What is needed instead is a paradigm shift towards collective care, emphasizing community well-being rather than coercion.

There are proven alternatives to institutionalization: housing-first initiatives, peer-led crisis response teams, harm reduction strategies, and voluntary community-based mental health services.

These models prioritize dignity, autonomy, and support over the surveillance and confinement consistently associated with traditional psychiatric institutions.

Liat Ben-Moshe suggests that prisons did not entirely replace asylums; rather, both systems have evolved in tandem to surveil, contain, and control marginalized individuals.

Presently, reinstitutionalization may be reemerging under a seemingly therapeutic guise, as indicated by proposals like ‘wellness farms’ and expanded involuntary commitments.

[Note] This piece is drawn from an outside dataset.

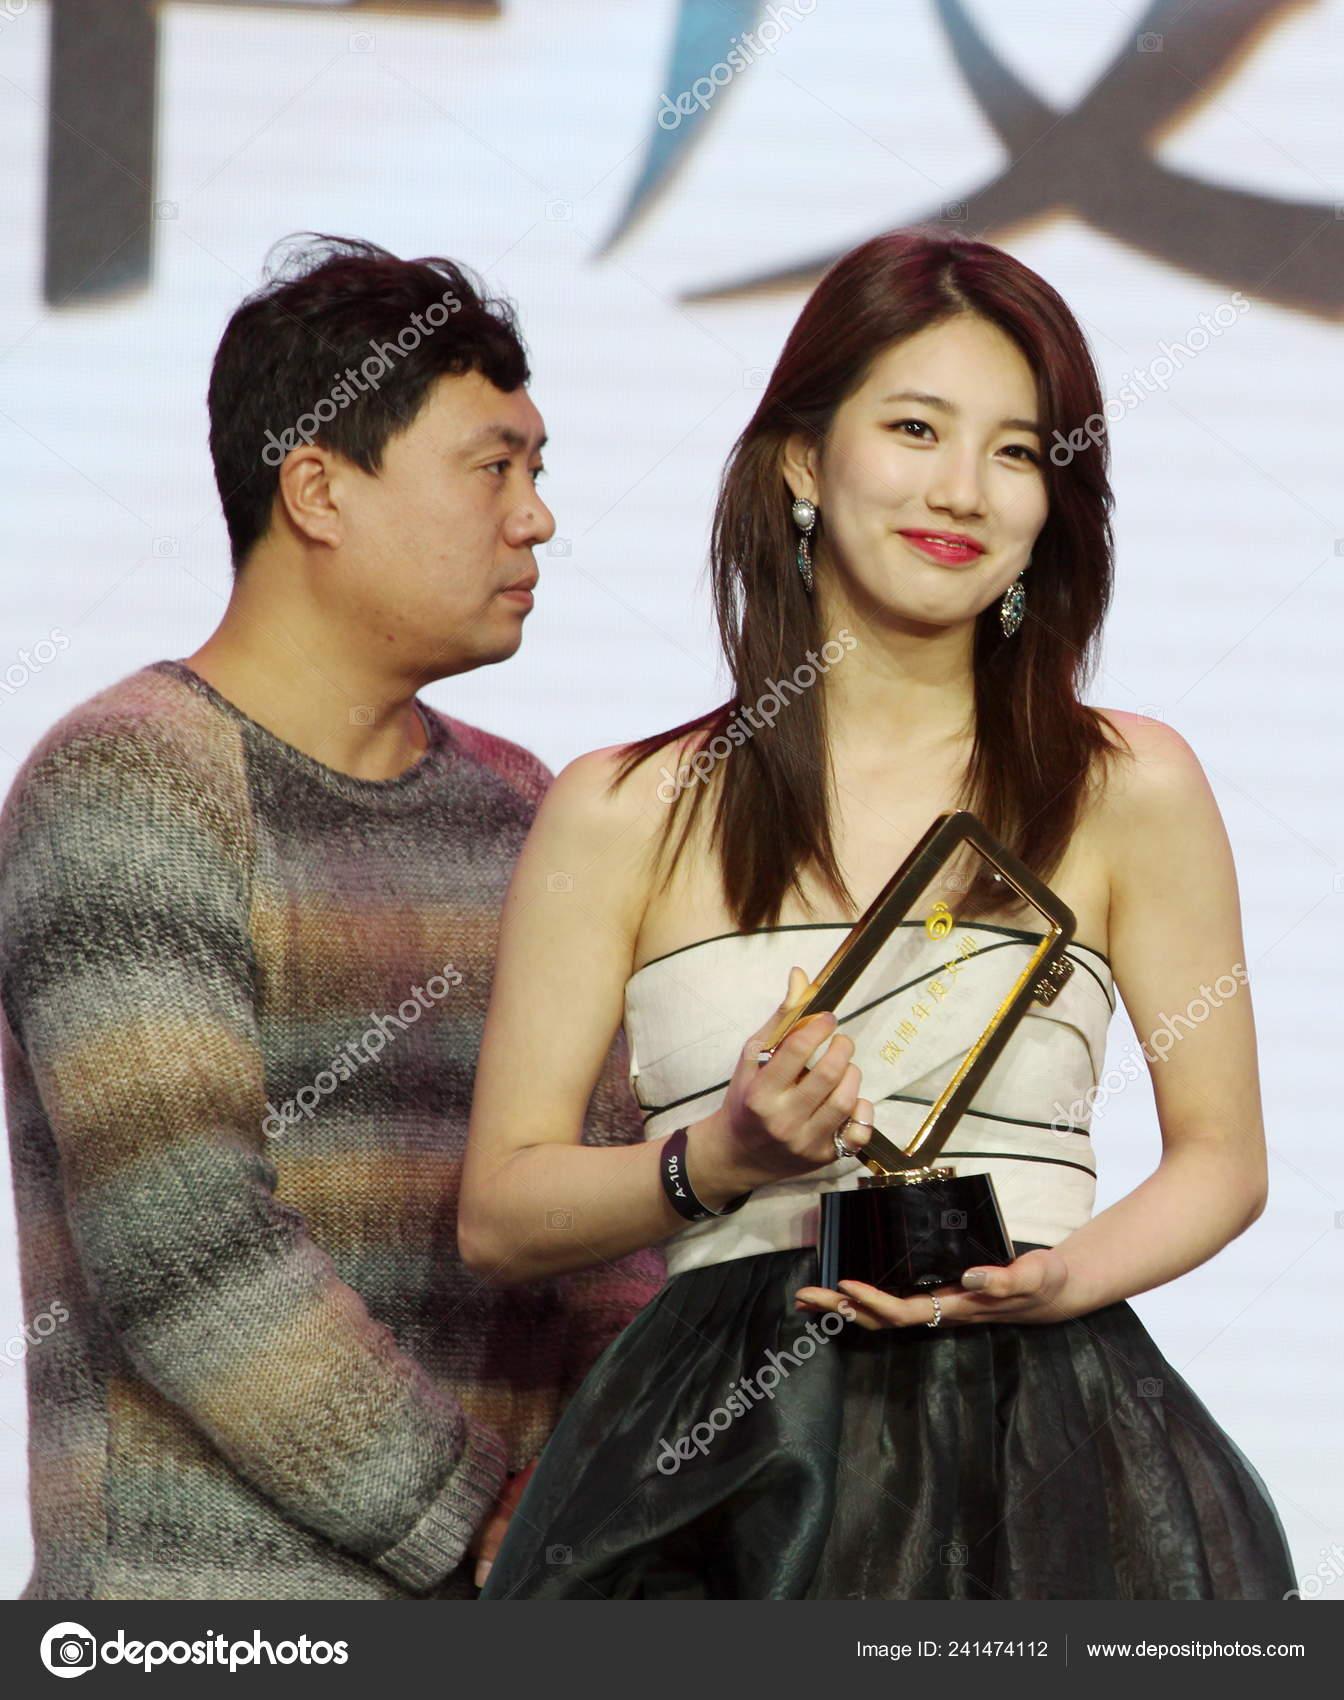 korejské celebrity z roku 2015

While the language has changed, the underlying logic remains rooted in surveillance, control, and confinement.

This juncture demands a proactive stance against the notion that confining individuals can be considered a form of care.

It is essential to identify these proposals for what they are: state-sanctioned containment strategies rooted in ableism, racism, and the fear of nonconformity.

True public health does not rely on coercion, nor does it necessitate the confinement of individuals or the pathologization of poverty.

It calls for addressing fundamental needs through housing, community care, healthcare, and support systems that are voluntary, accessible, and liberating.

As budget negotiations continue in New York and RFK Jr. promotes carceral care at the federal level, we face a pivotal decision: will we perpetuate the historical cycle of institutional violence, or will we strive to create a more just, autonomous, and collective future for mental health care?

The future of mental health care—and human dignity as a whole—depends on our response.